You can also use the MemoryStore directly, without the cache tiers:

import { MemoryStore } from '@betterdb/agent-memory';

const memory = new MemoryStore({ client, name: 'my_agent', embedFn });
await memory.ensureIndex();

MemoryStore API

  • ensureIndex() — create the {name}:mem:idx vector index if absent (idempotent). Resolves the vector dimension from embedFn.
  • remember(content, options?) — embed and store a memory; returns its id. Options: importance (0..1), tags, ttl (seconds), and scope (threadId, agentId, namespace).
  • recall(query, options?) — semantic search scoped by threadId/agentId/namespace/tags, ranked by a composite of similarity, recency (half-life decay), and importance. Returns MemoryHit[]. Recalled memories are reinforced (last-access + access-count bumped) unless reinforce: false.
  • forget(id) — delete a single memory by id.
  • forgetByScope(scope) — delete all memories matching a scope and/or tags.
  • consolidate(options) — summarize a set of memories (via a summarize callback) into one new memory and optionally delete the sources. Select candidates by scope, tags, olderThanSeconds, or maxImportance.
  • consolidateFacts(options) — distill a set of memories into atomic, deduplicated facts and write each as its own memory, keeping the source memories (additive, so recall is preserved). You supply an extractFacts(items) LLM seam that returns Fact[] (subject, statement, optional date, optional tombstone); the store reconciles them by subject (newest date wins, tombstones drop a subject) and preserves each fact's date in its content. Reconciliation is stateful across runs: each fact memory persists its subject, so a later run loads the stored facts and reconciles against them — a re-run over unchanged sources rewrites nothing (idempotent), a newer statement supersedes (deletes) the prior fact memory, and a tombstone retracts it. The result reports created (ids written) and deleted (prior fact memories superseded or retracted). Off by default — construct the store with consolidation: true (or { enabled: true, factSource?, factImportance? }) to enable it, otherwise it throws. Select sources by scope, tags, olderThanSeconds, or maxImportance; prior fact memories are excluded from the source scan so a run never re-distills its own output.
  • currentConfig() / refreshConfig() — read the live recall/eviction tunables; with configRefresh enabled the store periodically re-reads them from {name}:__mem_config.
  • close() — stop the config-refresh timer and tear down discovery heartbeats.

Scoring & capacity

Recall ranks by compositeScore — a weighted blend of similarity, recency (true half-life decay), and importance. Defaults are tunable via MemoryStoreOptions (weights, halfLifeSeconds, defaultThreshold) or live via config refresh. Set maxItemsPerScope to cap memories per scope; over-capacity writes evict the lowest-scoring items (importance + recency).

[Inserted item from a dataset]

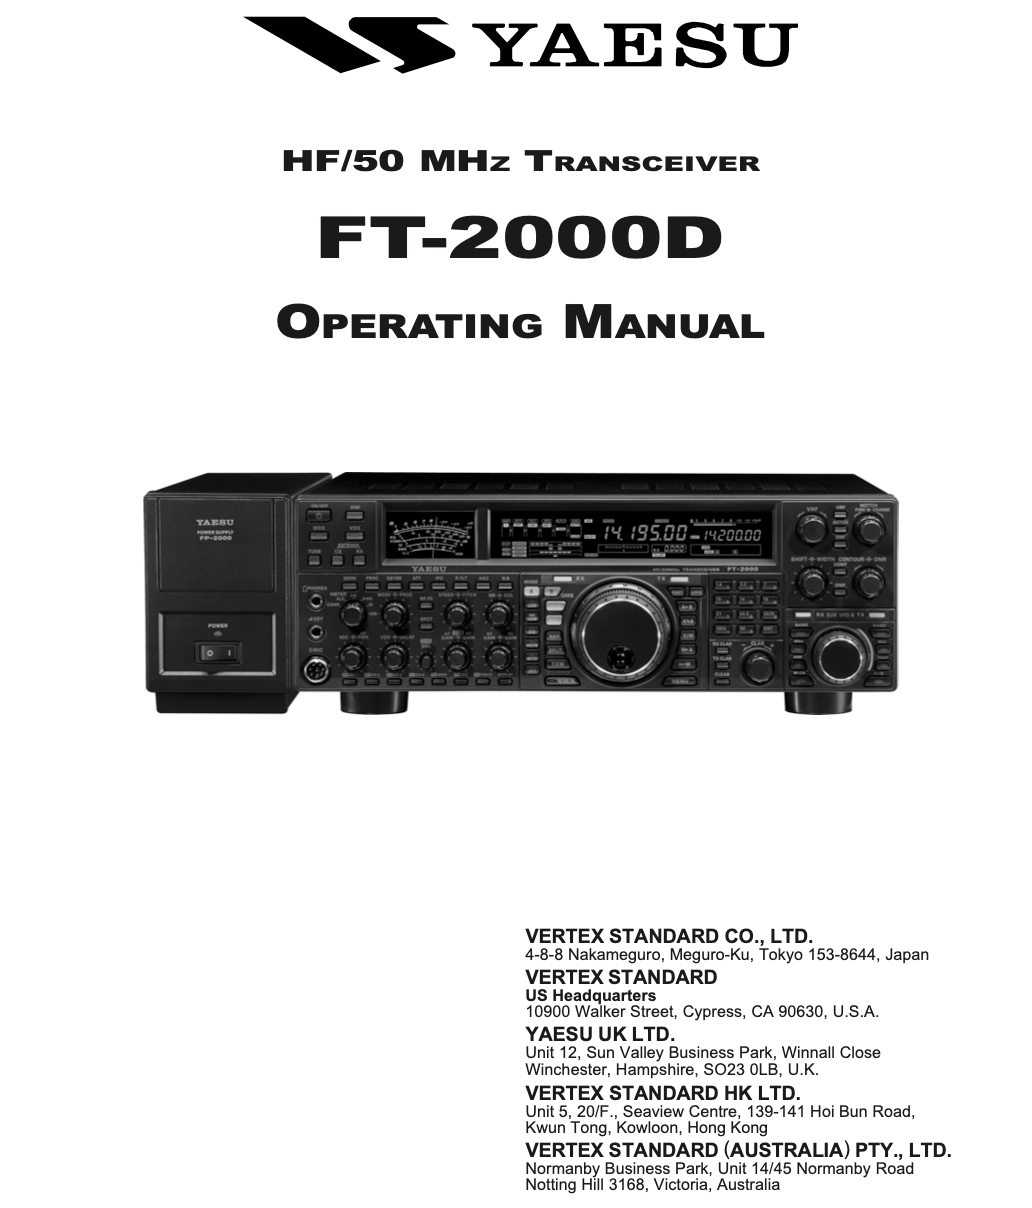 Yaesu FT-2000D Instruction Manual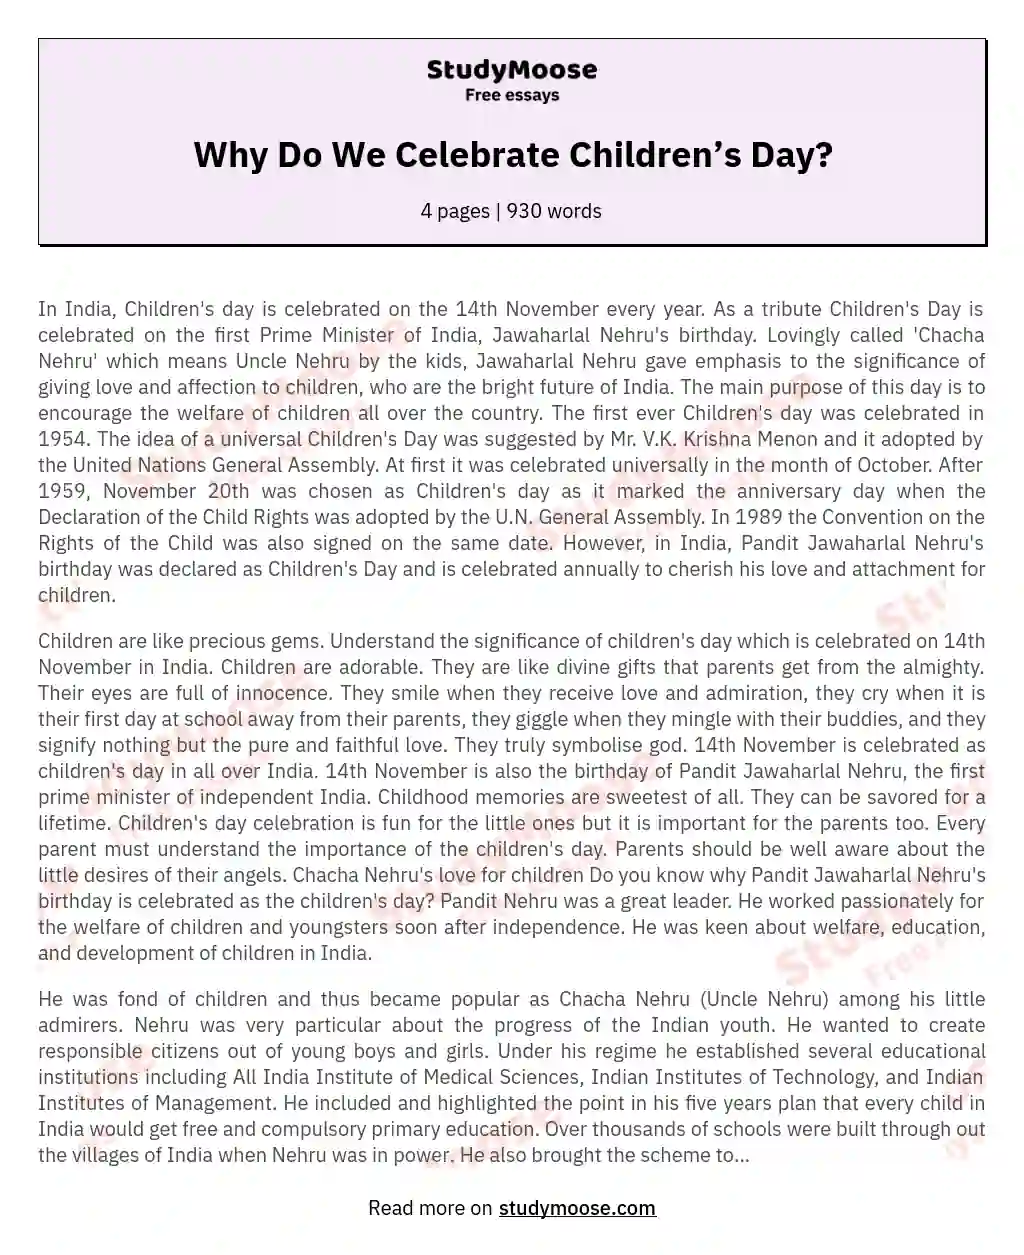 Why Do We Celebrate Children’s Day? essay

recall only returns candidates whose cosine distance is within a threshold (default 0.25, i.e. similarity ≥ ~0.875) — tuned for real semantic embeddings, where a relevant memory lands well inside it. A weak or non-semantic embedFn can push every candidate past the threshold and yield no hits; raise it per call (recall(query, { threshold })) or globally (defaultThreshold) if that happens.

Observability

Set telemetry: { registry } to register Prometheus metrics (agent_memory_*: items, recall total/hits/empty/latency, embedding calls, evictions, consolidations) and OpenTelemetry spans for each operation. With discovery enabled (default in the facade), the store publishes a marker to the shared __betterdb:caches registry so Monitor can auto-discover it.